> [About this exercise]: Take from the entries below the stretch from the line with "Stylish teenage bedroom ideas" through the line with "HoT Floor Patterns", and return it exactly, leaving the pictures out.

*** Opening of Material to process ***

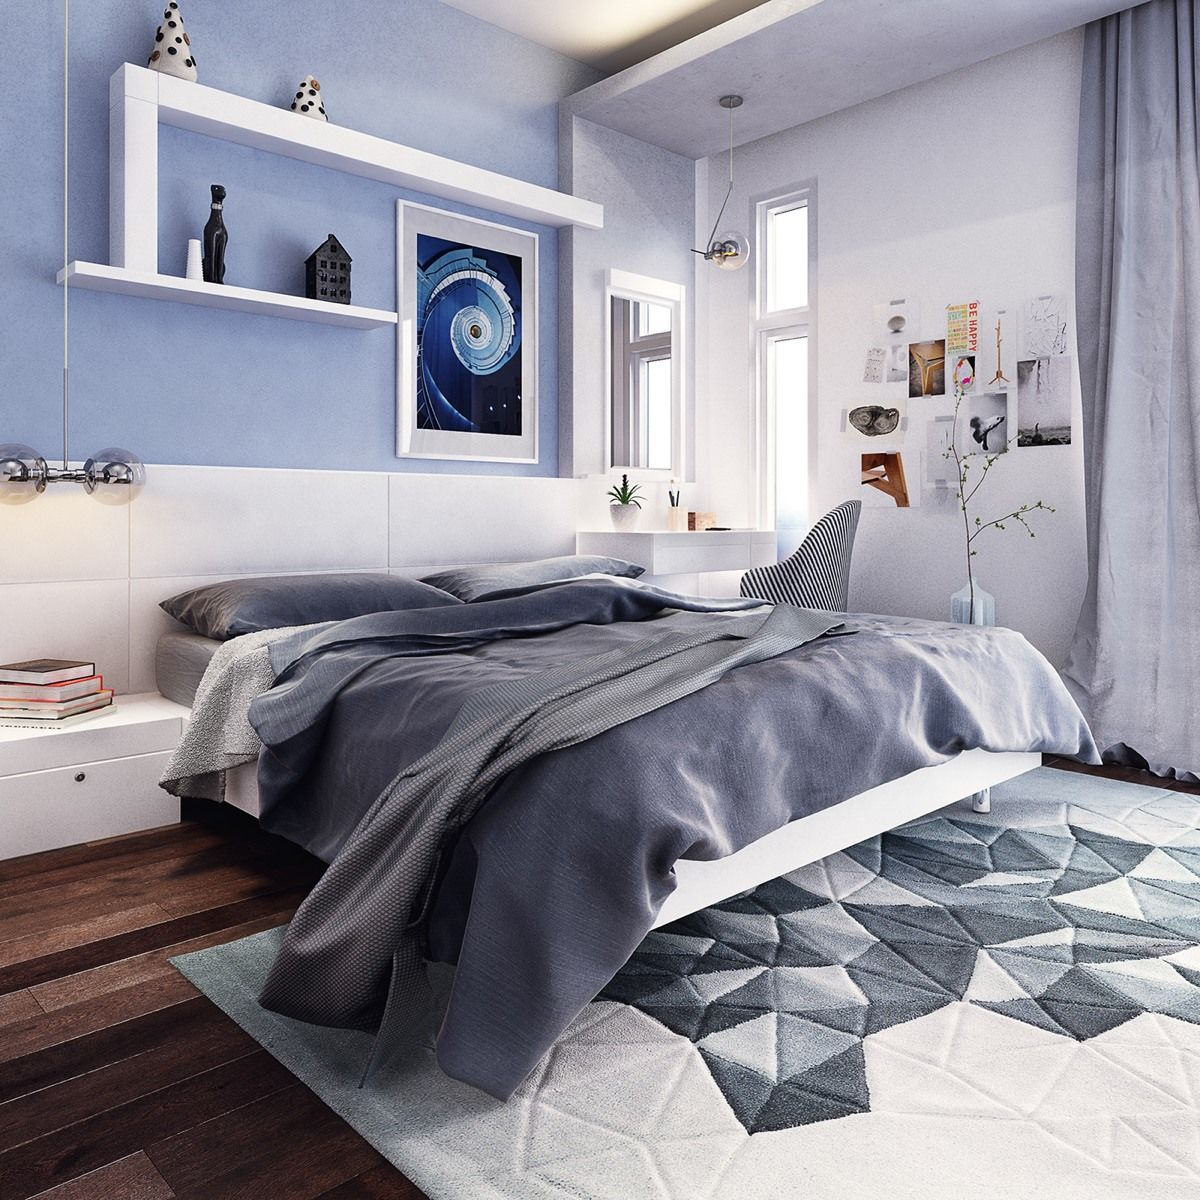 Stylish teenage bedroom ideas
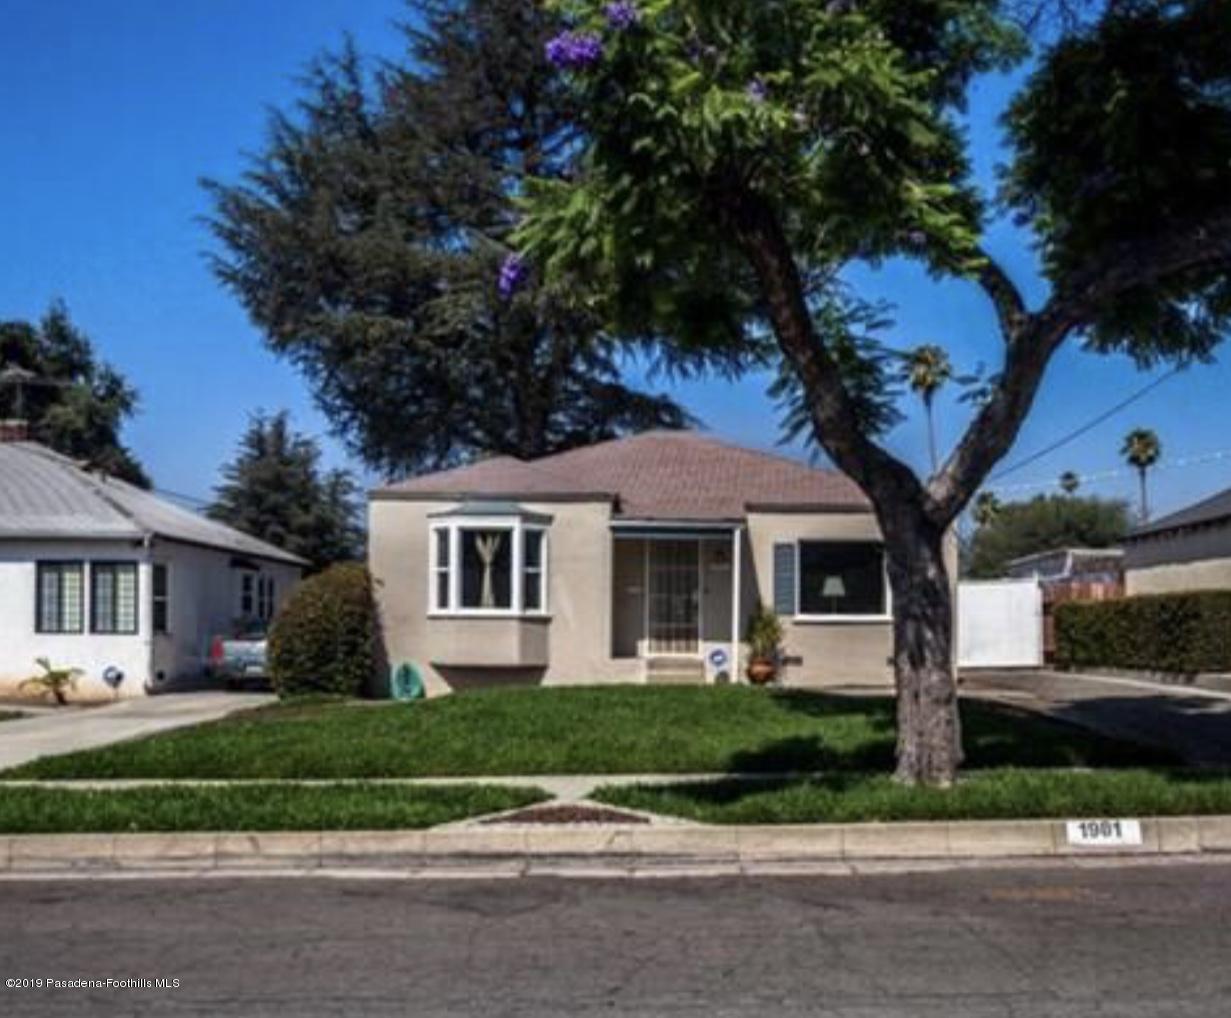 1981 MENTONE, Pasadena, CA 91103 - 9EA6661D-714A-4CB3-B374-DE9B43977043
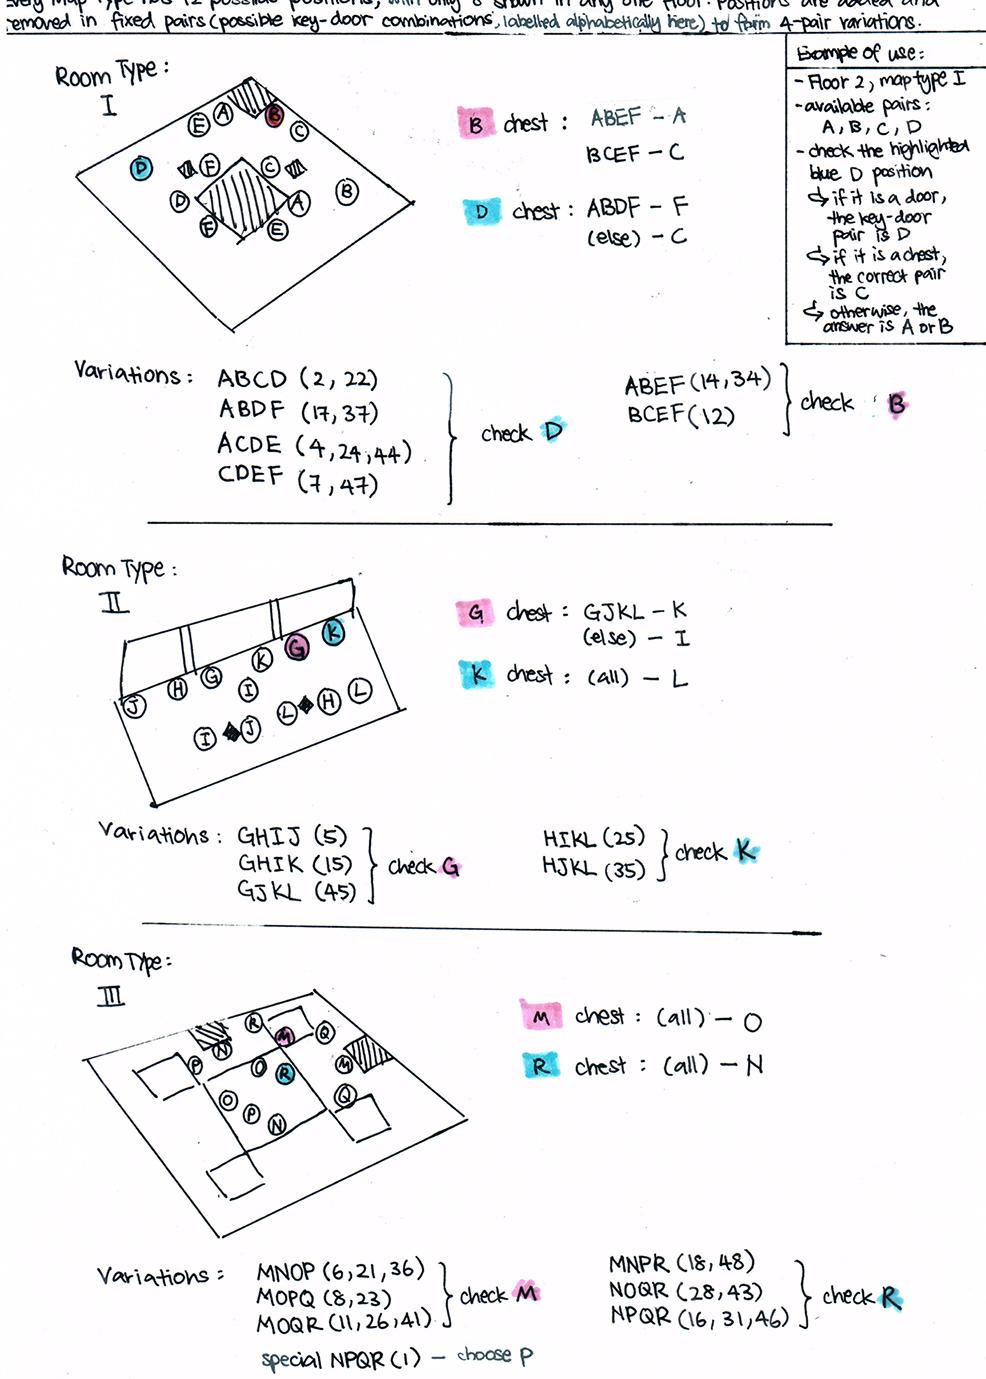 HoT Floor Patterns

*** Close of Material to process ***
*** Opening of Material to process ***

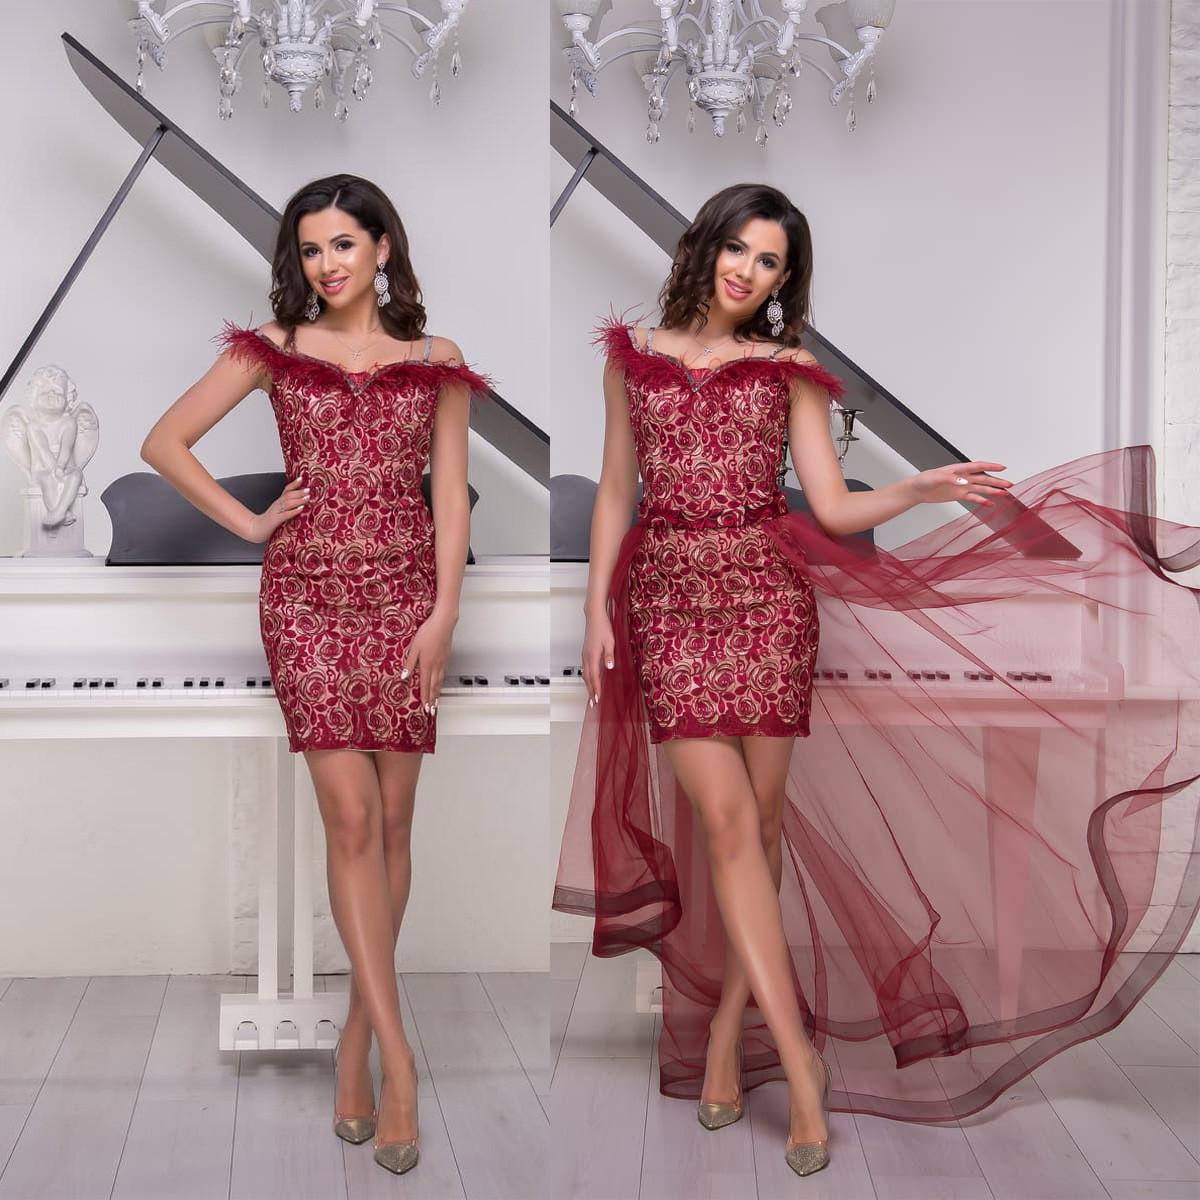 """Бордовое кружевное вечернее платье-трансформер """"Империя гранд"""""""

*** Close of Material to process ***

> [Response to this task]:
 Stylish teenage bedroom ideas
 1981 MENTONE, Pasadena, CA 91103 - 9EA6661D-714A-4CB3-B374-DE9B43977043
 HoT Floor Patterns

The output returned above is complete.